▶ _EXERCISE_: Without the pictures, repeat all of the data exactly as it appears below.

▶ _DATA_:
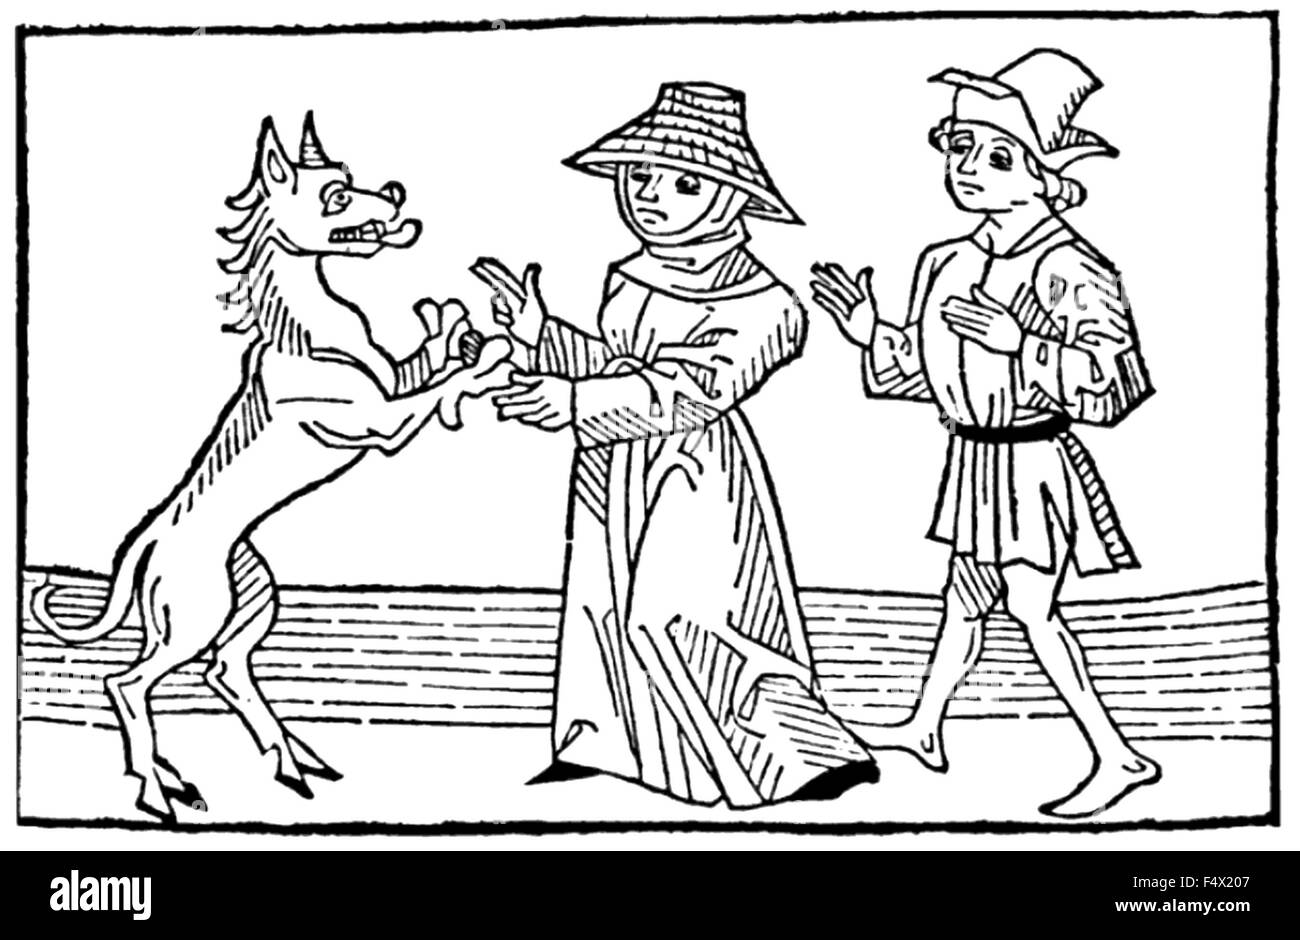 La stregoneria xilografia medievale di un maschio e femail streghe con il diavolo nella forma di un enorme cane. Nota i selvaggi zoccoli. Foto Stock
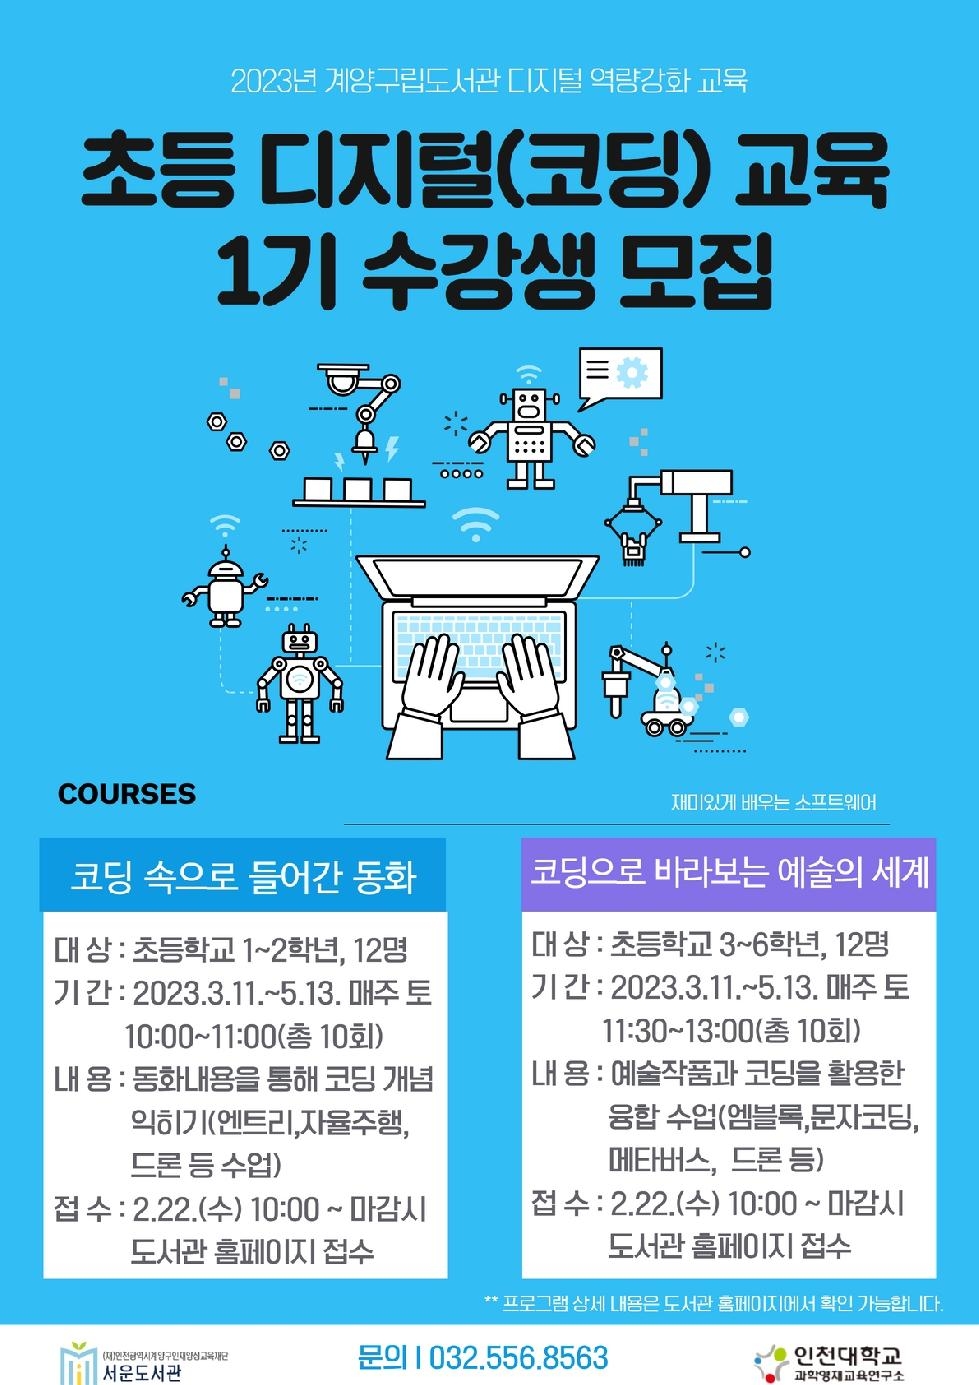 인천 계양구 서운도서관, 디지털 역량 강화 교육 프로그램 운영
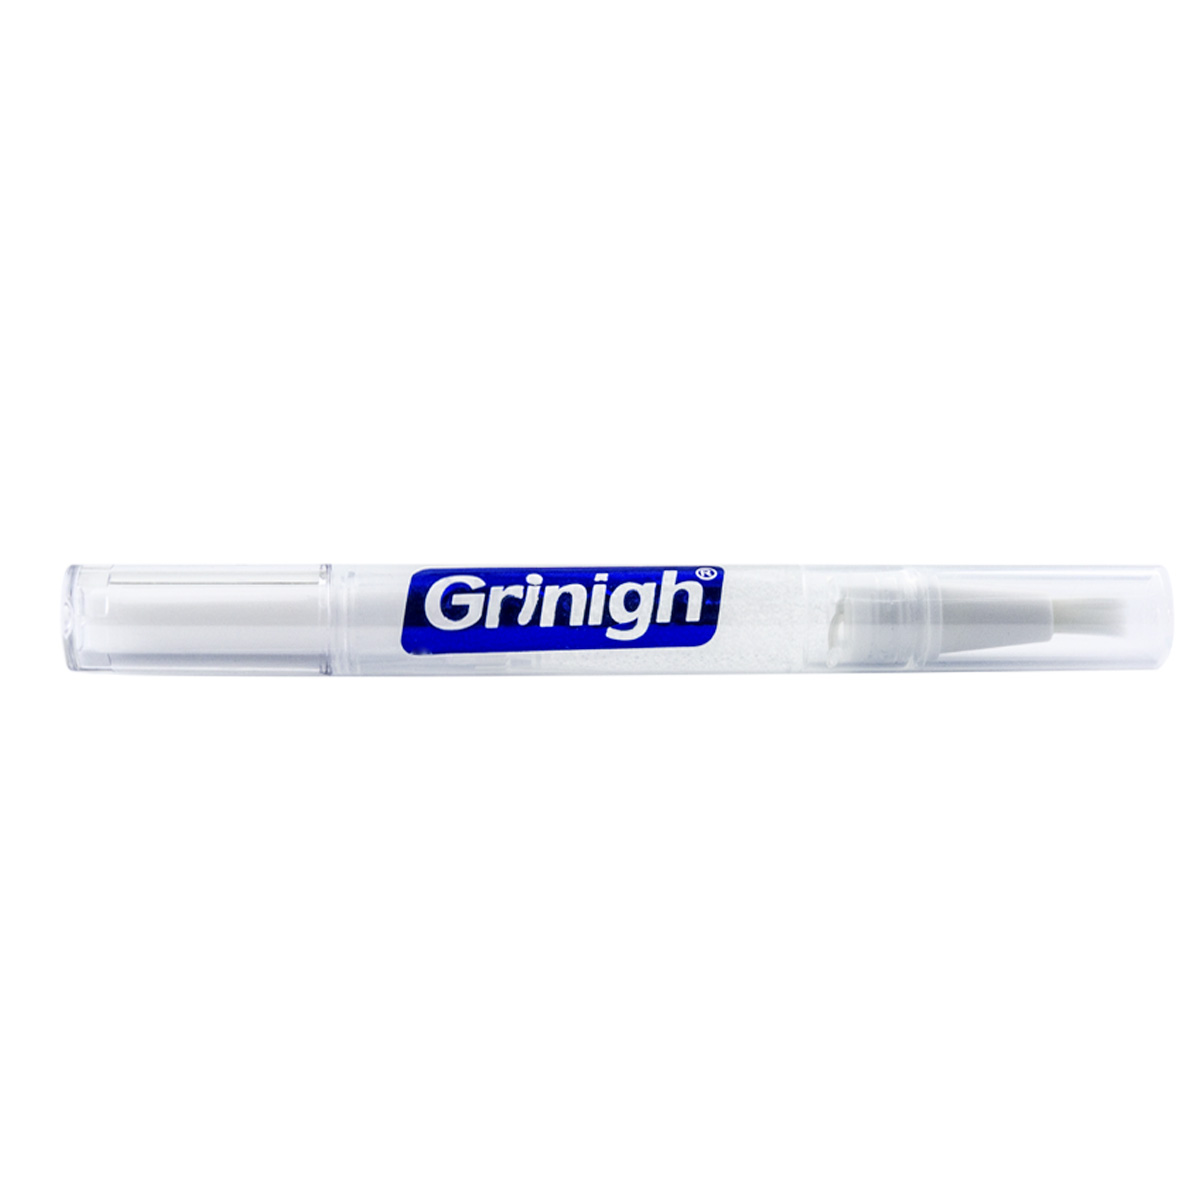 天然成分でGrin365正確な白い歯ホワイトニングアプリケーターペン - 3 カウント - 濃縮強ジェル (6% 過酸化水素)

▶ _ANSWER BELOW_:
 La stregoneria xilografia medievale di un maschio e femail streghe con il diavolo nella forma di un enorme cane. Nota i selvaggi zoccoli. Foto Stock
 인천 계양구 서운도서관, 디지털 역량 강화 교육 프로그램 운영
 天然成分でGrin365正確な白い歯ホワイトニングアプリケーターペン - 3 カウント - 濃縮強ジェル (6% 過酸化水素)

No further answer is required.